Se trataría de inducir, desde la percepción y la conciencia individual hasta el imaginario colectivo, una visión sistémica del entorno a través de la comprensión de la estructura y de las dinámicas del territorio y del paisaje. Entendemos que esta es la visión que centra la tarea del Observatori del Paisatge de Catalunya. No basta ser consciente de los problemas, ni siquiera de actuar de manera «correcta» en la esfera personal y social. Hay que orientar colectivamente la acción en función de elementos de carácter prospectivo, táctico y estratégico. Se trata, en última instancia, de determinar a dónde queremos llegar y cómo podemos lograrlo con los instrumentos de que disponemos. Ello nos sitúa en el paradigma de la sostenibilidad, que es capaz de dar sentido y orientación a la acción gestada en el proceso de sensibilización inducida por la educación ambiental. Enmarcar la educación ambiental en el horizonte de la sostenibilidad orienta la formación hacia la acción y le da un sentido político, en la más recta acepción del término. En todo ello, el paisaje tiene un papel fundamental. Lamentablemente, en el enfoque adoptado por las Naciones Unidas, en el que se vinculan sostenibilidad y educación, los aspectos referidos al paisaje y al territorio no aparecen en primer plano. El propio Convenio Europeo del Paisaje relaciona la sostenibilidad con la conservación del patrimonio natural y cultural, con la gestión responsable de los recursos y con las aspiraciones de la población, pero no explora la dimensión pedagógica ni de formación de la ciudadanía.
Por el contrario, en el campo de la investigación pedagógica se están haciendo avances interesantes.
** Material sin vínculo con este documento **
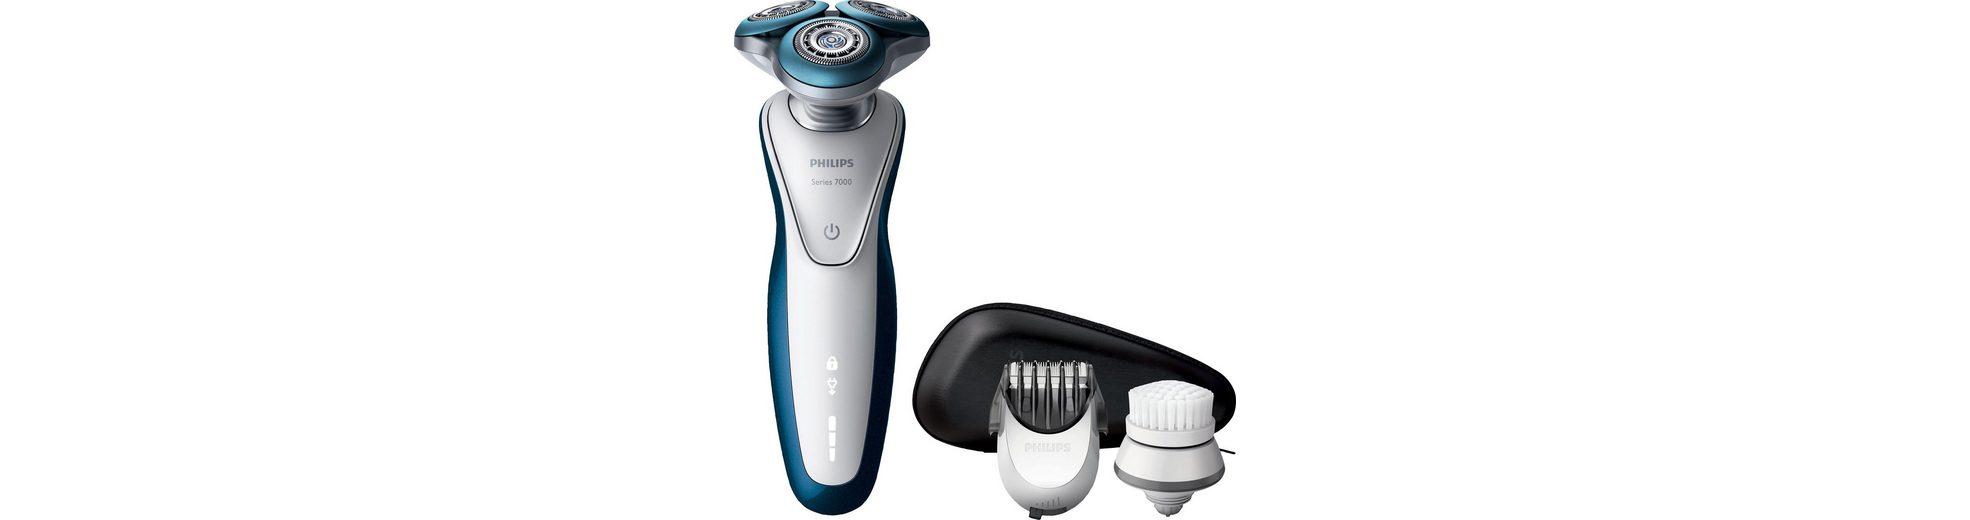 Philips Rasierer Series 7000 S7520/50, mit Reinigungsbürste und Bartstyler
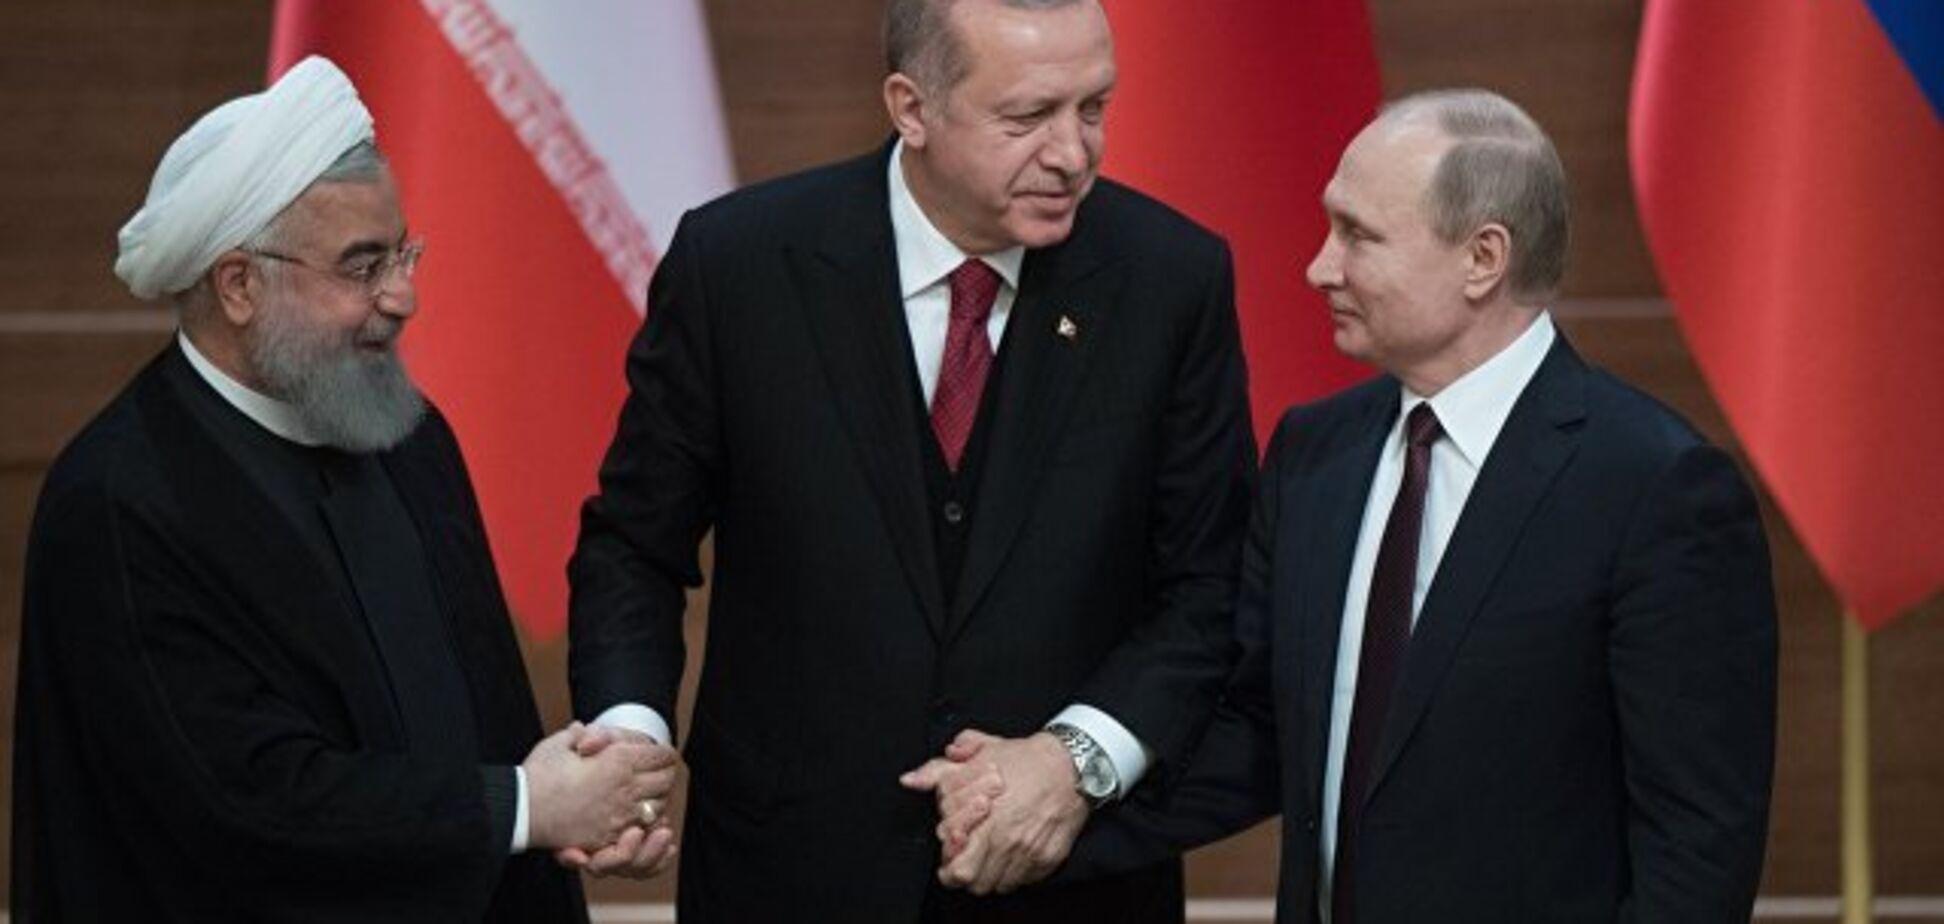 Штаны с подвохом: Путин опять 'замаскировал' свой рост. Фотофакт

La geógrafa y pedagoga italiana Benedetta Castiglioni, con una amplia trayectoria en la reflexión sobre la pedagogía del paisaje, ha desarrollado una argumentación estimulante sobre la existencia de fuertes sinergias entre paisaje y formación para la sostenibilidad. Parte de la conceptualización del paisaje como una interfaz comunicativa entre sujeto humano y territorio: el paisaje expresa y permite comprender el territorio. Dice Castiglioni en una comunicación al Consejo de Europa: «El descubrimiento del lenguaje con el que se comunica el paisaje permite tanto el desarrollo de nuevas habilidades cognitivas como la adquisición de valores. Y en esta relación de diálogo, el paisaje enriquece la persona y, al propio tiempo, le permite que pueda responder mediante el respeto, la participación y la construcción responsable.»
El planteamiento de Castiglioni podría ser la base para iniciar una reflexión paralela a la que condujo al enunciado del concepto de ciudad educadora. Permitiría hablar de paisaje educador, siempre en el contexto, más amplio, de la educación o formación para la sostenibilidad.